**Data**
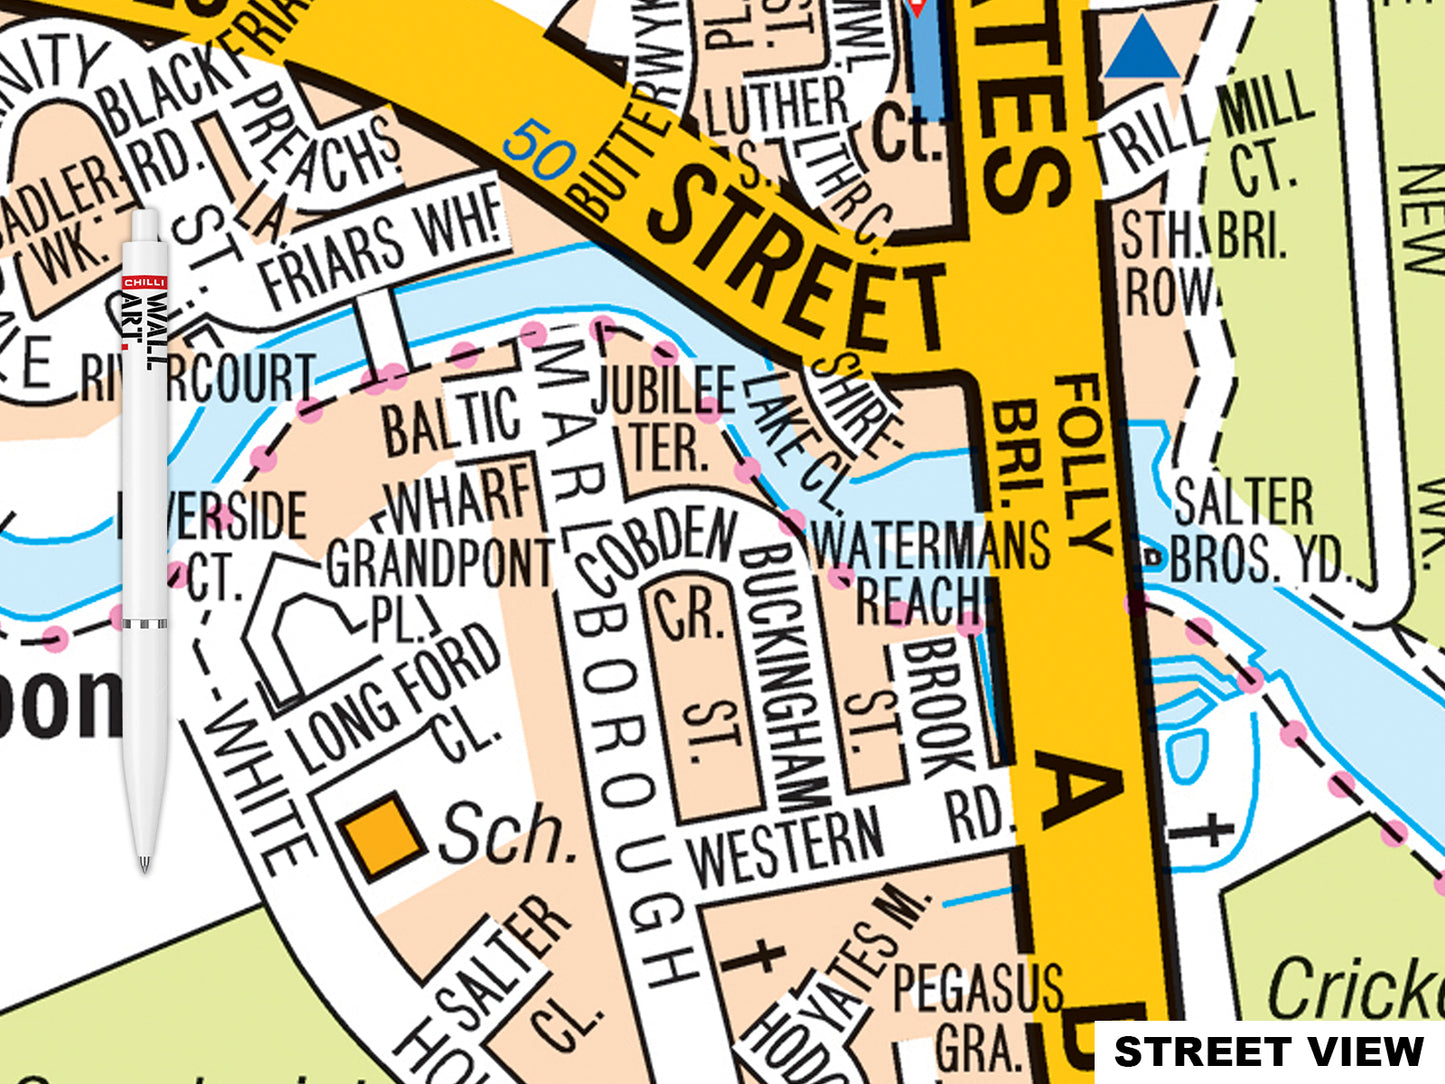 A-Z Oxford Map
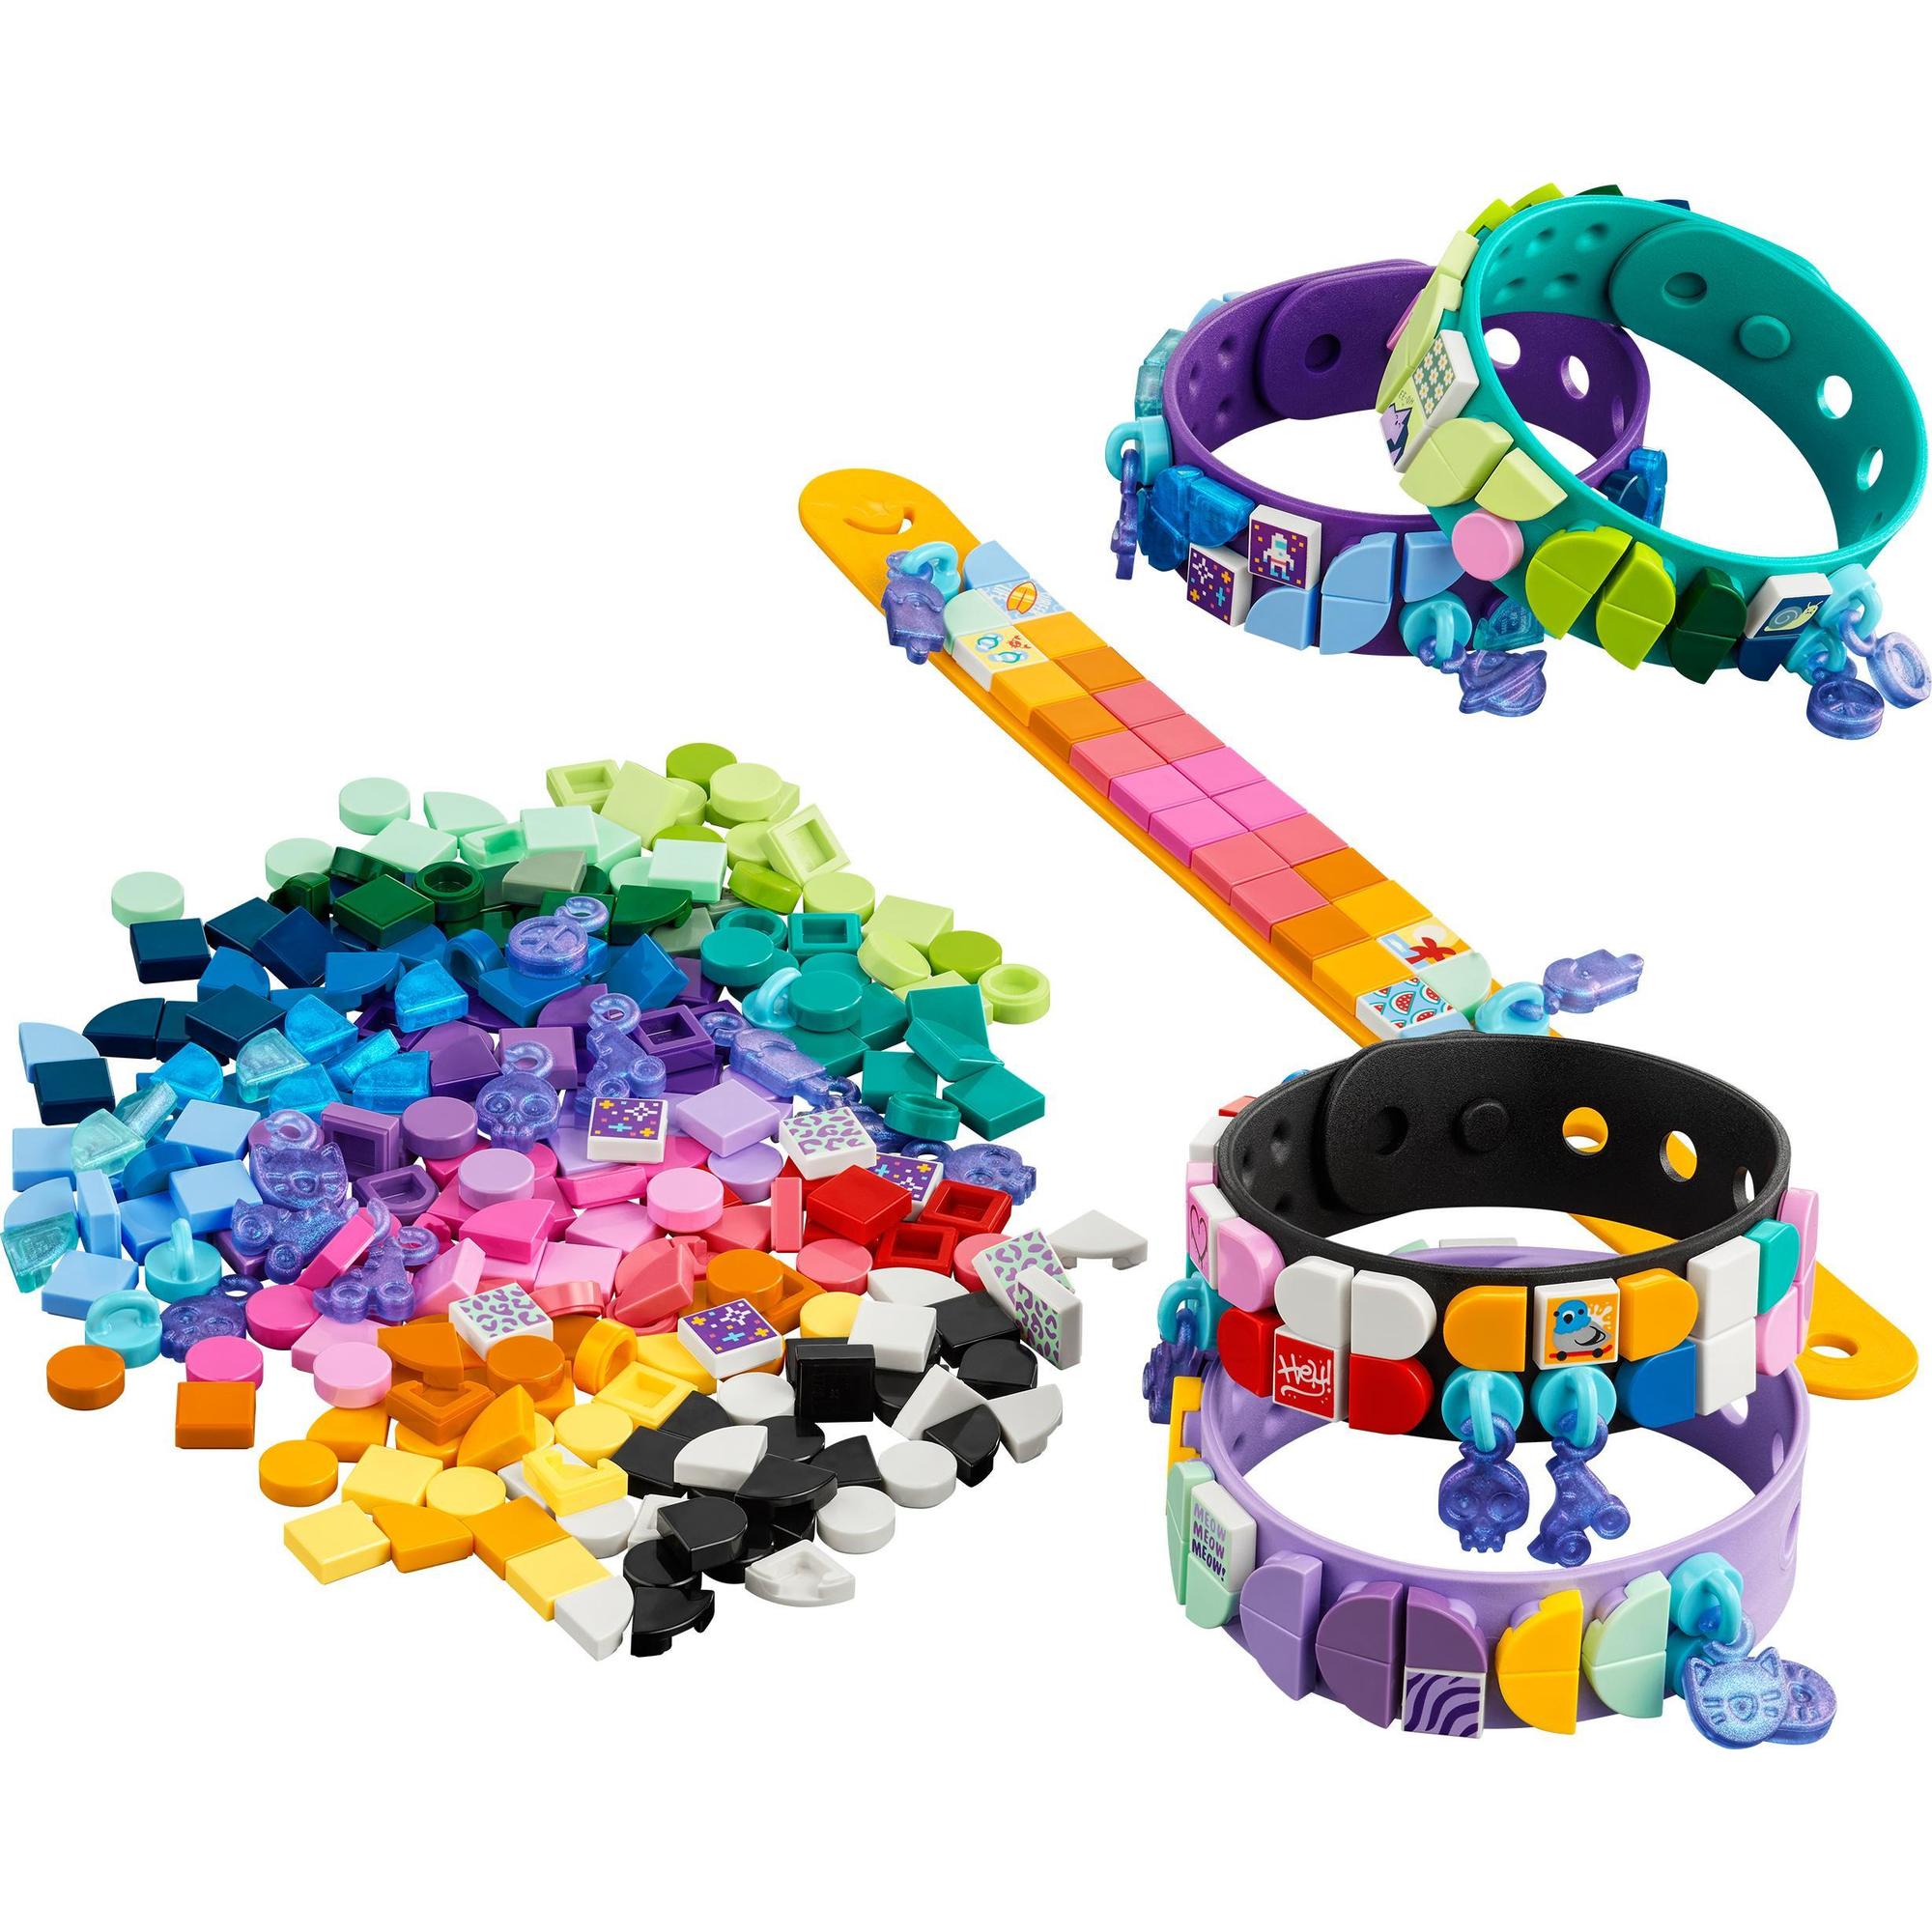 LEGO® | 41807 | Armbanddesign Kreativset
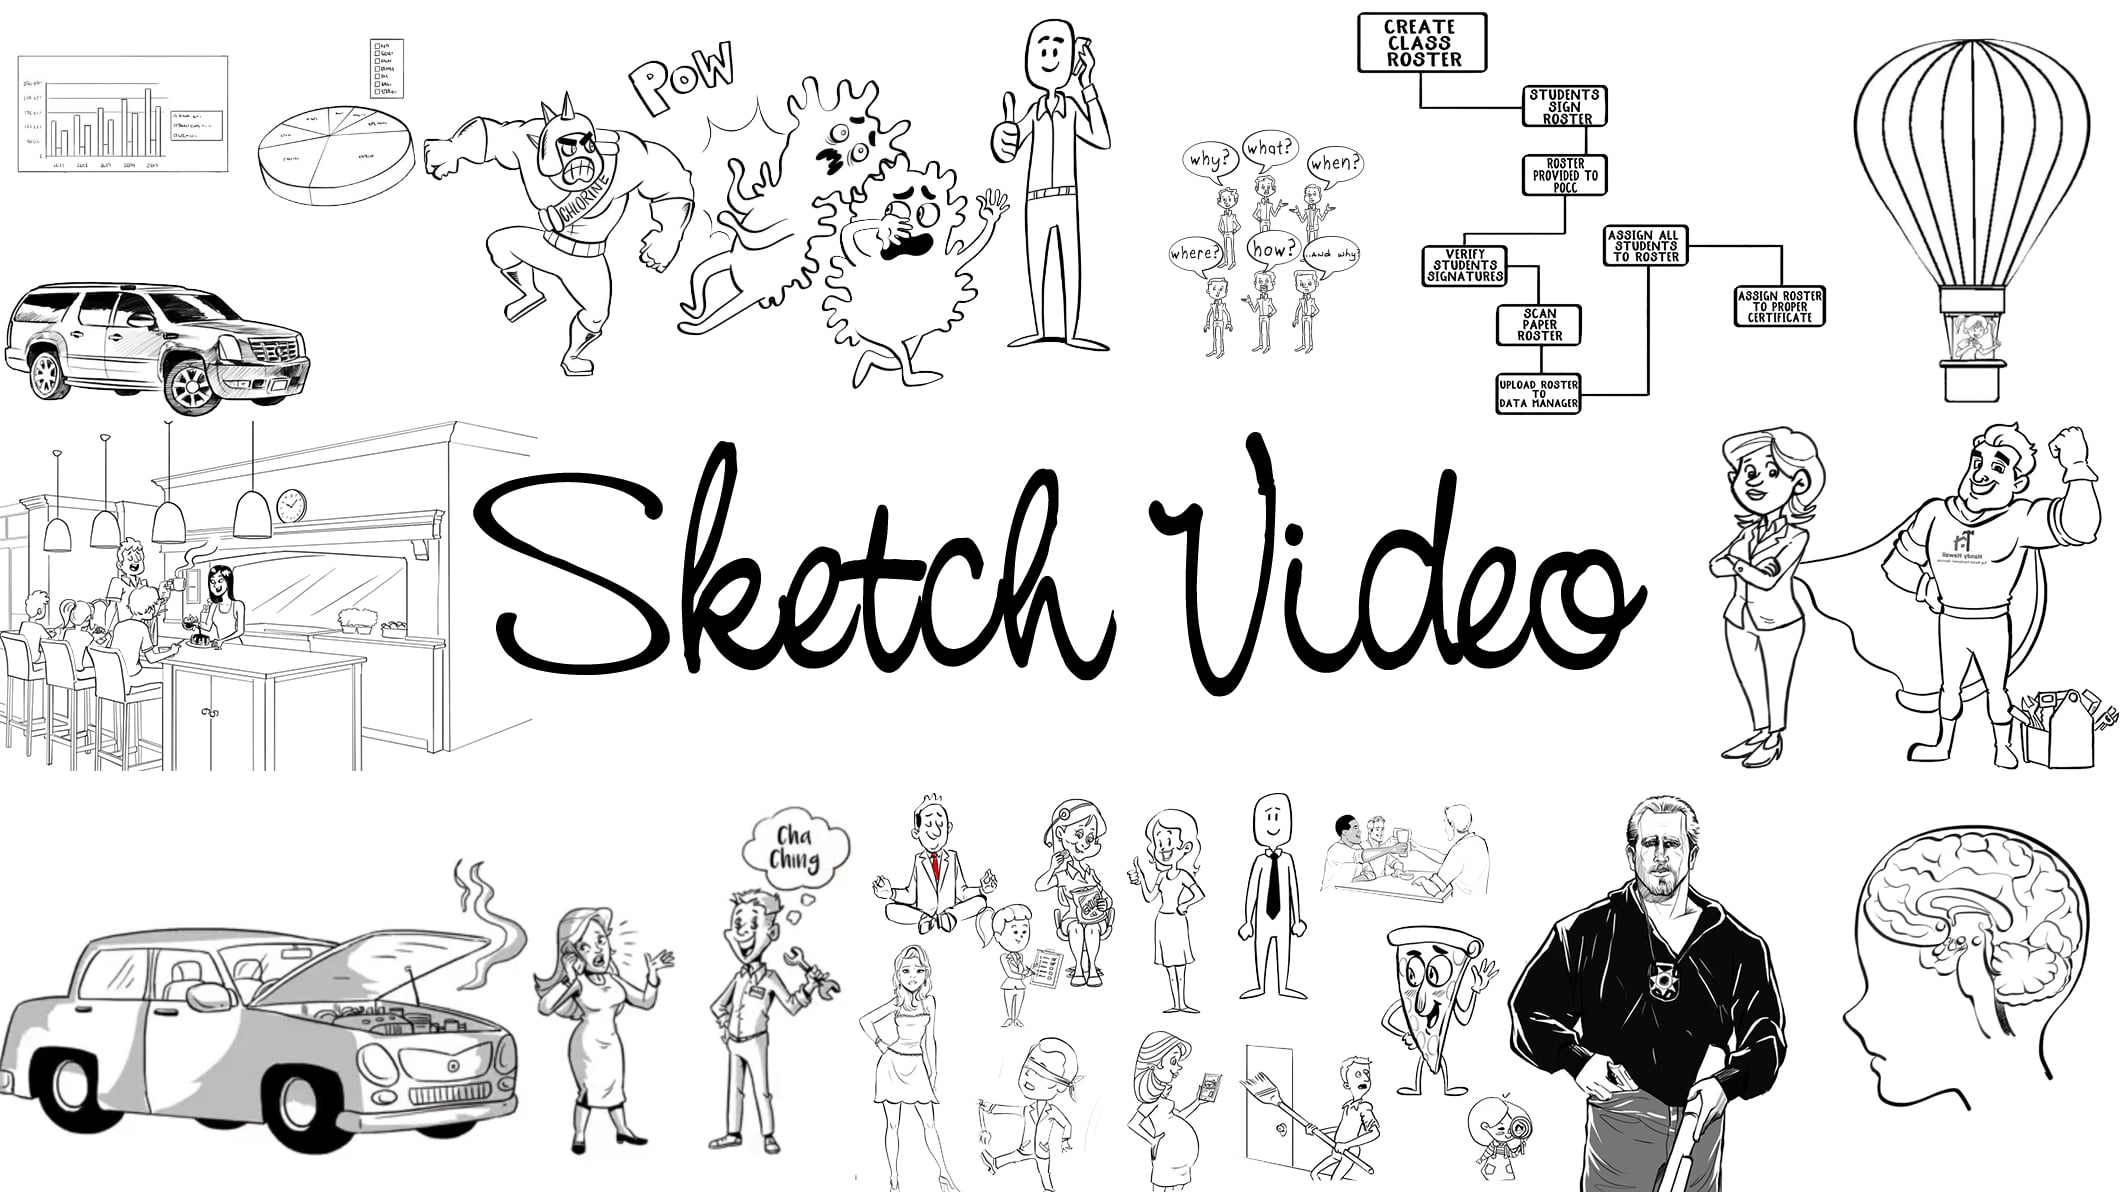 Best Custom Whiteboard Sketch Videos - Whiteboard Video

**Task brief**
What you return must match the material above exactly, minus its pictures.

**Output of the exercise**
 A-Z Oxford Map
 LEGO® | 41807 | Armbanddesign Kreativset
 Best Custom Whiteboard Sketch Videos - Whiteboard Video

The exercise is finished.